The knowledge again of the essential unity and non-difference of Brahman--
which is ascertained from decisive texts such as 'The True, knowledge,
the Infinite is Brahman' (Taitt. Up. II, 1); 'Knowledge, bliss is
Brahman' (Bri. Up. III, 9, 28)--is confirmed by other passages, such as
'Now if a man meditates on another deity, thinking the deity is one and
he another, he does not know' (Bri. Up. I, 4, 10); 'Let men meditate
upon him as the Self (Bri. Up. I, 4, 7); 'Thou art that' (Ch. Up. VI, 8,
7); 'Am I thou, O holy deity? and art thou me, O holy deity?'; 'What I
am that is he; what he is that am I.'--This the Sûtrakâra himself will
declare 'But as the Self (scriptural texts) acknowledge and make us
apprehend (the Lord)' (Ve. Sû. IV, 1, 3). Thus the Vâkyakâra also, 'It
is the Self--thus one should apprehend (everything), for everything is
effected by that.' And to hold that by such cognition of the oneness of
Brahman essentially false bondage, together with its cause, comes to an
end, is only reasonable.

Scripture is of greater force than Perception

But, an objection is raised--how can knowledge, springing from the
sacred texts, bring about a cessation of the view of difference, in
manifest opposition to the evidence of Perception?--How then, we rejoin,
can the knowledge that this thing is a rope and not a snake bring about,
in opposition to actual perception, the cessation of the (idea of the)
snake?--You will perhaps reply that in this latter case there is a
conflict between two forms of perception, while in the case under
discussion the conflict is between direct perception and Scripture which
is based on perception. But against this we would ask the question how,
in the case of a conflict between two equal cognitions, we decide as to
which of the two is refuted (sublated) by the other. If--as is to be
expected--you reply that what makes the difference between the two is
that one of them is due to a defective cause while the other is not: we
point out that this distinction holds good also in the case of Scripture
and perception being in conflict.

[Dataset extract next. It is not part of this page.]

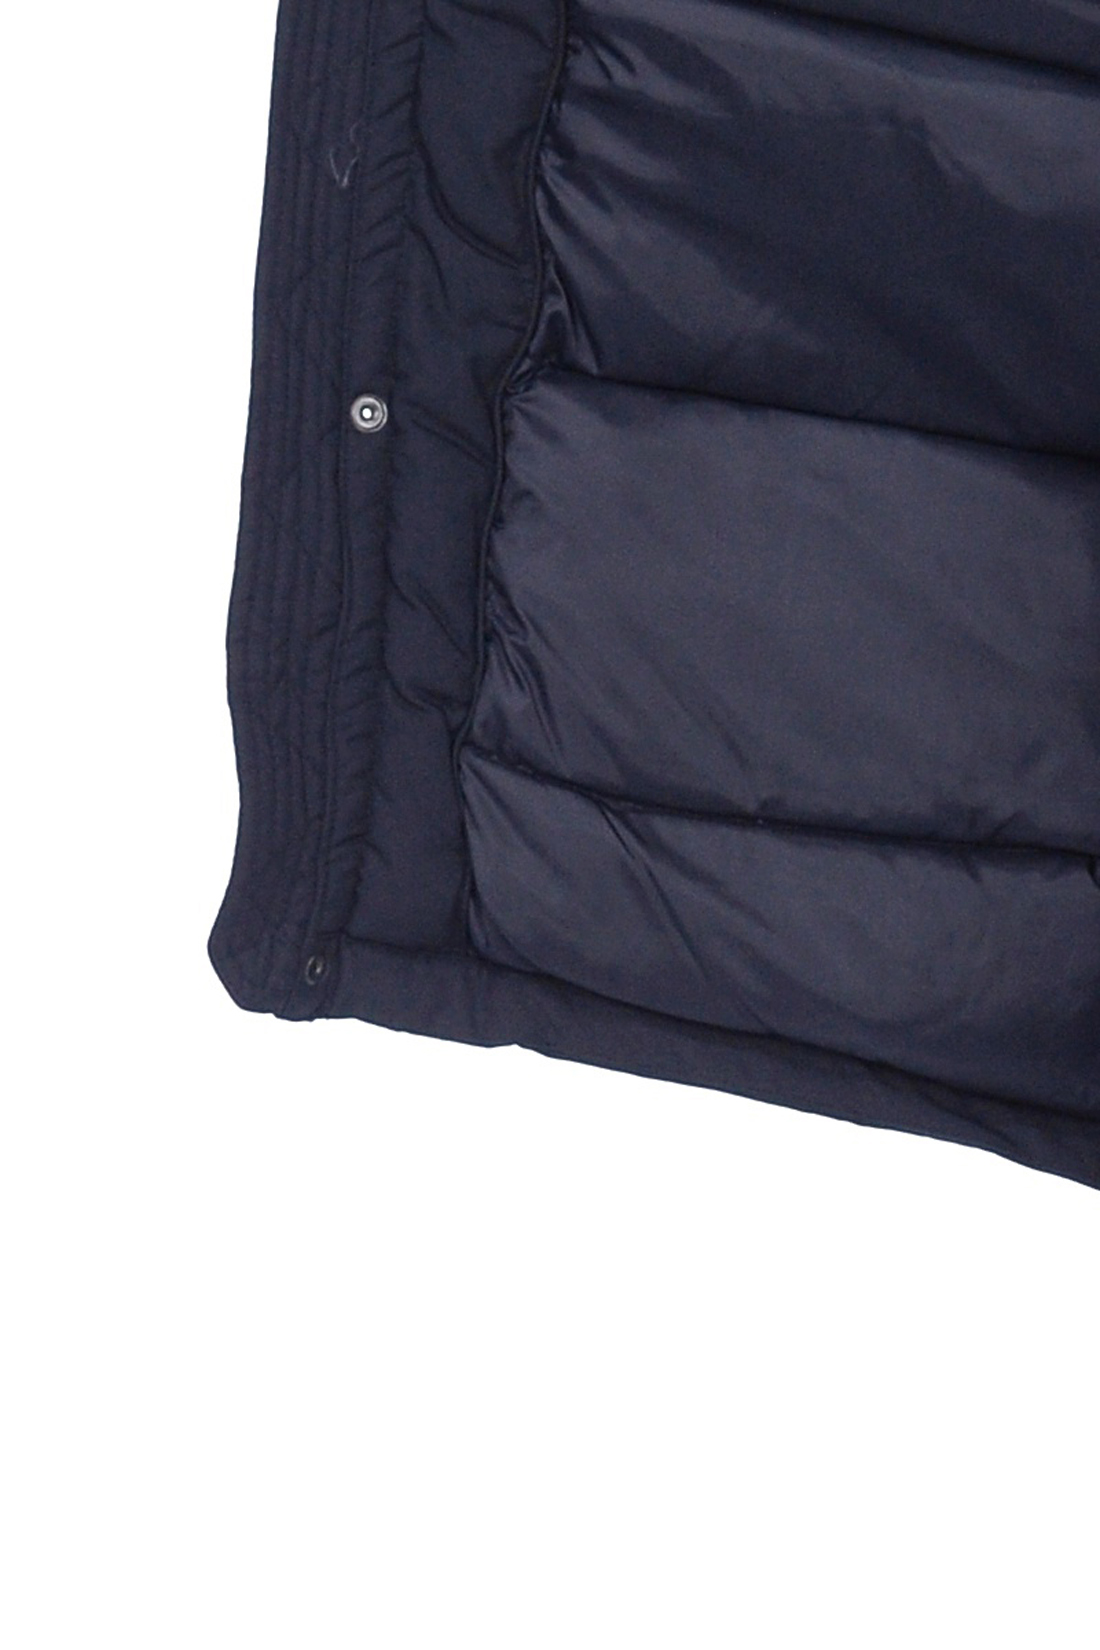 Пуховик-парка с накладными карманами (арт. baon B508538), размер XXL, цвет синий Пуховик-парка с накладными карманами (арт. baon B508538) - фото 4

It is not considerations as to the
equality of conflicting cognitions, as to their being dependent or
independent, and so on, that determine which of the two sublates the
other; if that were the case, the perception which presents to us the
flame of the lamp as one only would not be sublated by the cognition
arrived at by inference that there is a succession of different flames.
Wherever there is a conflict between cognitions based on two different
means of knowledge we assign the position of the 'sublated one' to that
which admits of being accounted for in some other way; while that
cognition which affords no opening for being held unauthoritative and
cannot be accounted for in another way, is the 'sublating one [FOOTNOTE
25:1].' This is the principle on which the relation between 'what
sublates' and 'what is sublated' is decided everywhere. Now apprehension
of Brahman--which is mere intelligence, eternal, pure, free,
self-luminous--is effected by Scripture which rests on endless unbroken
tradition, cannot therefore be suspected of any, even the least,
imperfection, and hence cannot be non-authoritative; the state of
bondage, on the other hand, with its manifold distinctions is proved by
Perception, Inference, and so on, which are capable of imperfections and
therefore may be non-authoritative. It is therefore reasonable to
conclude that the state of bondage is put an end to by the apprehension
of Brahman. And that imperfection of which Perception--through which we
apprehend a world of manifold distinctions--may be assumed to be
capable, is so-called Nescience, which consists in the beginningless
wrong imagination of difference.--Well then--a further objection is
raised--let us admit that Scripture is perfect because resting on an
endless unbroken tradition; but must we then not admit that texts
evidently presupposing the view of duality, as e.g. 'Let him who desires
the heavenly world offer the Jyotishtoma-sacrifice'--are liable to
refutation?--True, we reply. As in the case of the Udgâtri and
Pratihartri breaking the chain (not at the same time, but) in
succession [FOOTNOTE 26:1], so here also the earlier texts (which refer
to duality and transitory rewards) are sublated by the later texts which
teach final release, and are not themselves sublated by anything else.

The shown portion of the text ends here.